New 10mm titanium-coated PET diaphragm delivers fast transient response, clear bass punch, high-resolution treble, and under 1% distortion at 1kHz.
Kiwi Acoustic Resonance System 2.0 uses labyrinthine acoustic tubes to control back pressure, boosting sub-bass by ~8dB while sharply attenuating around 200Hz.
Kiwi Ears’ second-generation Cadenza leans heavily into material science rather than driver count escalation, and that choice shapes its sonic character in telling ways. The titanium-coated PET diaphragm is less about headline stiffness than about controlled modal behavior: the metal layer raises break‑up frequency, while the polymer substrate preserves internal damping. The result, on paper, is faster settling after transients and a cleaner decay profile, which explains why the low end is described less as “boosted” and more as disciplined. Compared with earlier PET-only or LCP implementations at this tier, the emphasis appears to be on minimizing time-domain smear rather than pushing absolute output, an approach that typically favors texture and separation over sheer mass.
The more interesting engineering statement comes from KARS 2.0. Labyrinth-style acoustic tubing is a familiar concept in loudspeaker ports and some high-end IEMs, but its application here suggests a deliberate attempt to decouple sub-bass pressure from the lower midrange. By aggressively damping energy around the upper bass, Kiwi Ears is effectively carving out space for midband clarity without thinning the fundamental weight below. This contrasts with simpler rear-vent tuning strategies that often trade warmth for speed; here, the acoustic network is doing the heavy lifting, allowing a single dynamic driver to behave as if its bass and mids were more independently controlled.

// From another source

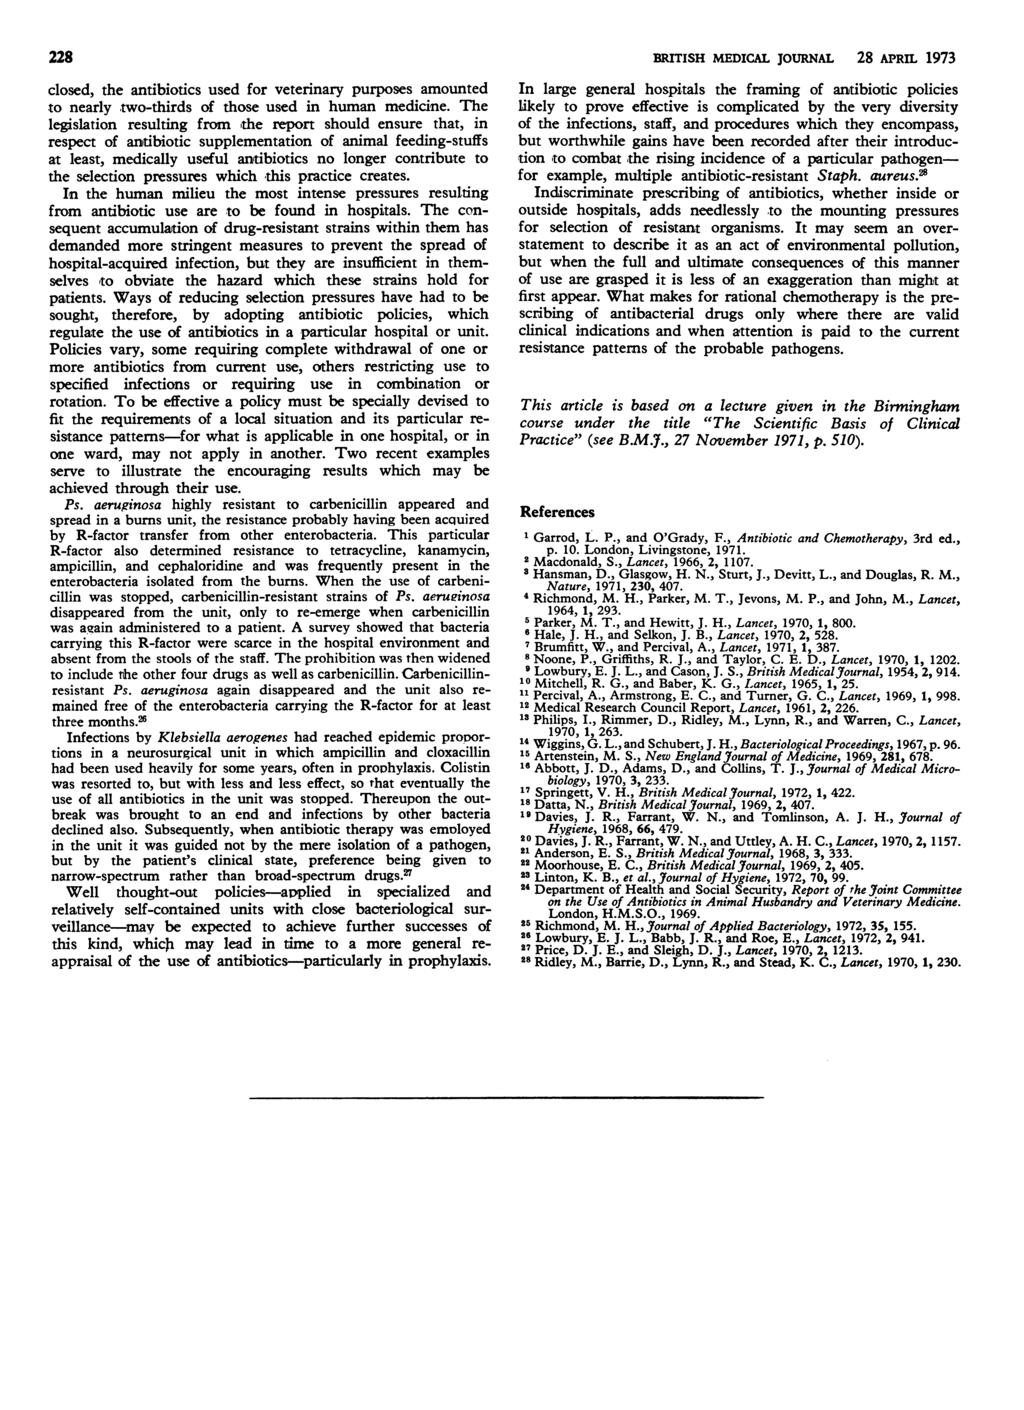 228 BRITISH MEDICAL journal 28 APRIL 1973 closed, the antibiotics used for veterinary purposes amounted to nearly two-thirds of those used in human medicine.

Tonally, the design philosophy diverges from strict diffuse-field or Harman-adjacent targets and instead prioritizes coherence and density through the vocal range. A mild midband bloom can enhance perceived realism in strings and voices, but only if phase alignment and energy transitions remain intact—something the controlled bass shelf and restrained upper treble seem intended to support. The construction choices reinforce this pragmatic focus: a rigid metal faceplate for resonance control paired with a lighter composite shell to manage internal reflections, plus a standard detachable cable interface that keeps the system electrically predictable. In sum, Cadenza II reads less like an exercise in spec-sheet bravado and more like a carefully balanced single-driver platform tuned for musical continuity.